Organizations and individuals in California representing private and public conservation entities have developed a model: Standards and Guidelines for Managing Endowment Funds and Mitigation Lands. Legislation has been introduced to formally allow nonprofits and other public conservation entities to hold and manage mitigation endowment funds under these strict standards and guidelines. However, all this will be for naught and we could have many more failures like TET if the regulatory agencies fail to set goals and do not provide the necessary oversight to monitor an organization’s activities.
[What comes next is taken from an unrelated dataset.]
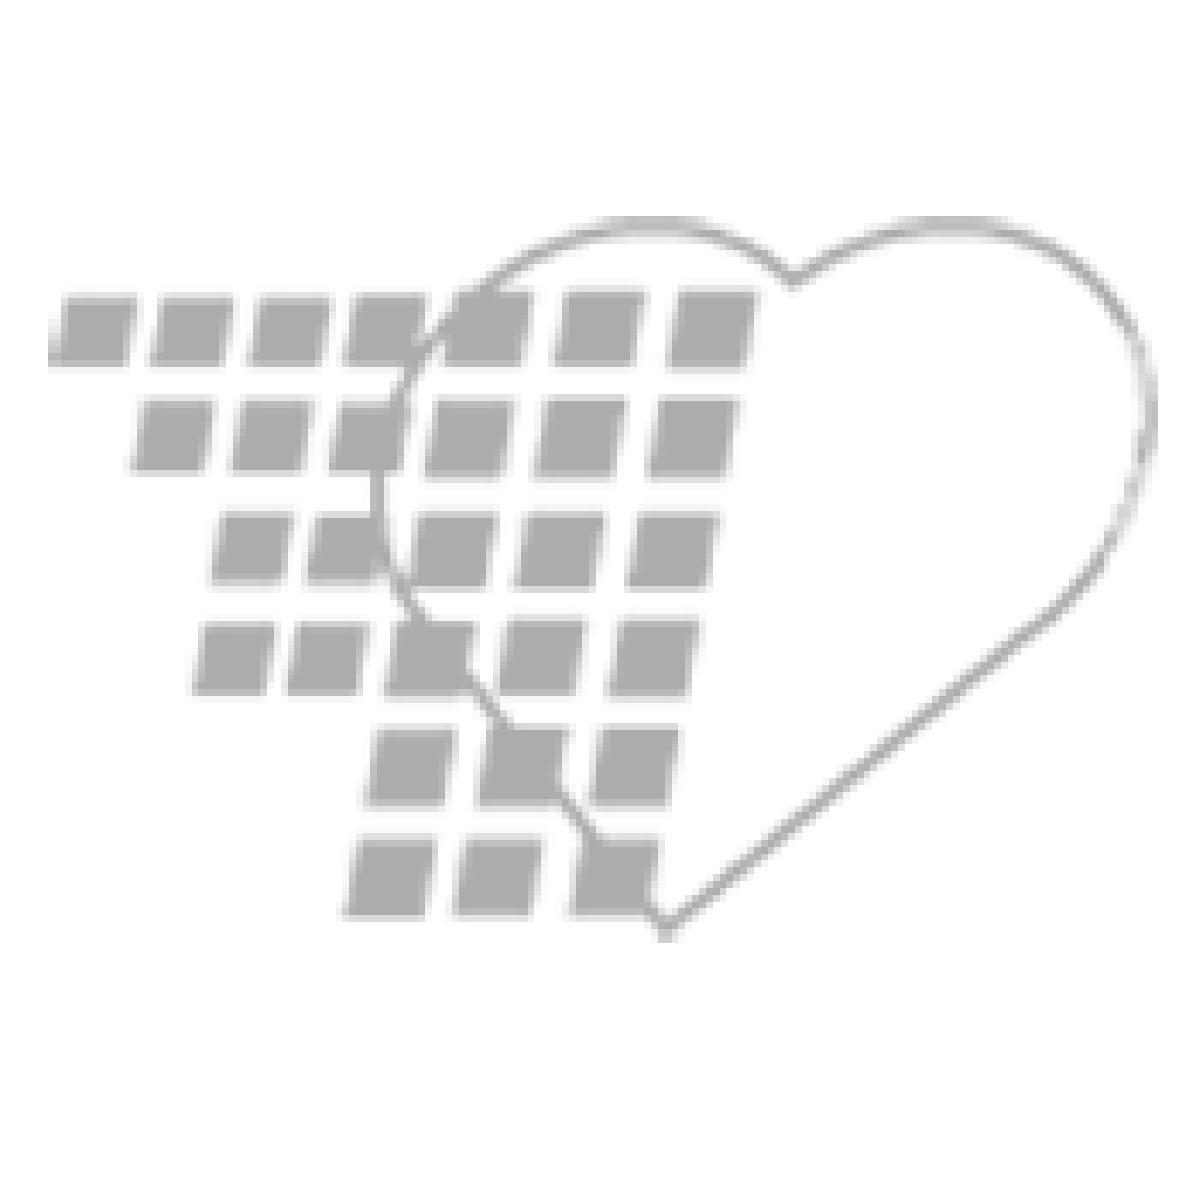 14-17-0796 Nasco Life/form® Shingles Rashes

Mitigation banks receive oversight from a committee made up of USFWS, U.S. Army Corps Of Engineers, CDFG & U.S. Environmental Protection Agency called the Mitigation Banking Review Team (MBRT). Perhaps a Mitigation Stewardship Review Team (MSRT) should be formed to review mitigation manager’s biological and financial reports and audits, and to conduct site visits to ensure stewardship is being carried out under clearly defined best management practices. This would allow nonprofits concerned with conservation to conduct the day-to-day conservation land management, while allowing the regulatory agencies the oversight to ensure that these lands are properly managed. As new nonprofit organizations spring up to offer stewardship services and land trusts enter the mitigation land management arena, it is imperative they will have learned lessons from the demise of TET.
Private stewardship is an experiment. Perhaps the private sector cannot assume all funding obligations in perpetuity. But it is equally clear that government has few mechanisms in place to assure perpetual funding. Most budgets are subject to annual appropriation. Government can rarely invest in a balanced portfolio of assets that has an adequate inflation and risk-adjusted return. If government does not earn enough to manage land, the land is not managed. We are back to TET. Only time will tell. But I think the answer must be a responsible partnership among all the players.
The Business of Conservation
I believe the lesson learned from TET is this: we are in the business of conservation. In order to be successful and accomplish our mission, however, we must conduct our activities using strong ethical, financial and professional standards. No nonprofit can abandon its fiduciary and moral responsibilities. As we have seen from Congressional hearings and legislation surrounding The Nature Conservancy’s recent troubles, non-profits involved in conservation assume significant societal obligations under a sacred trust that cannot be abused. This means we must be absolutely open and operate transparently, meeting the highest of ethical and professional standards. To do anything less is to abdicate our fiduciary trust; worse yet, it is a breach of public trust.
The views expressed in this article are those of the author and do not necessarily represent the views of the Ecosystem Marketplace or its staff.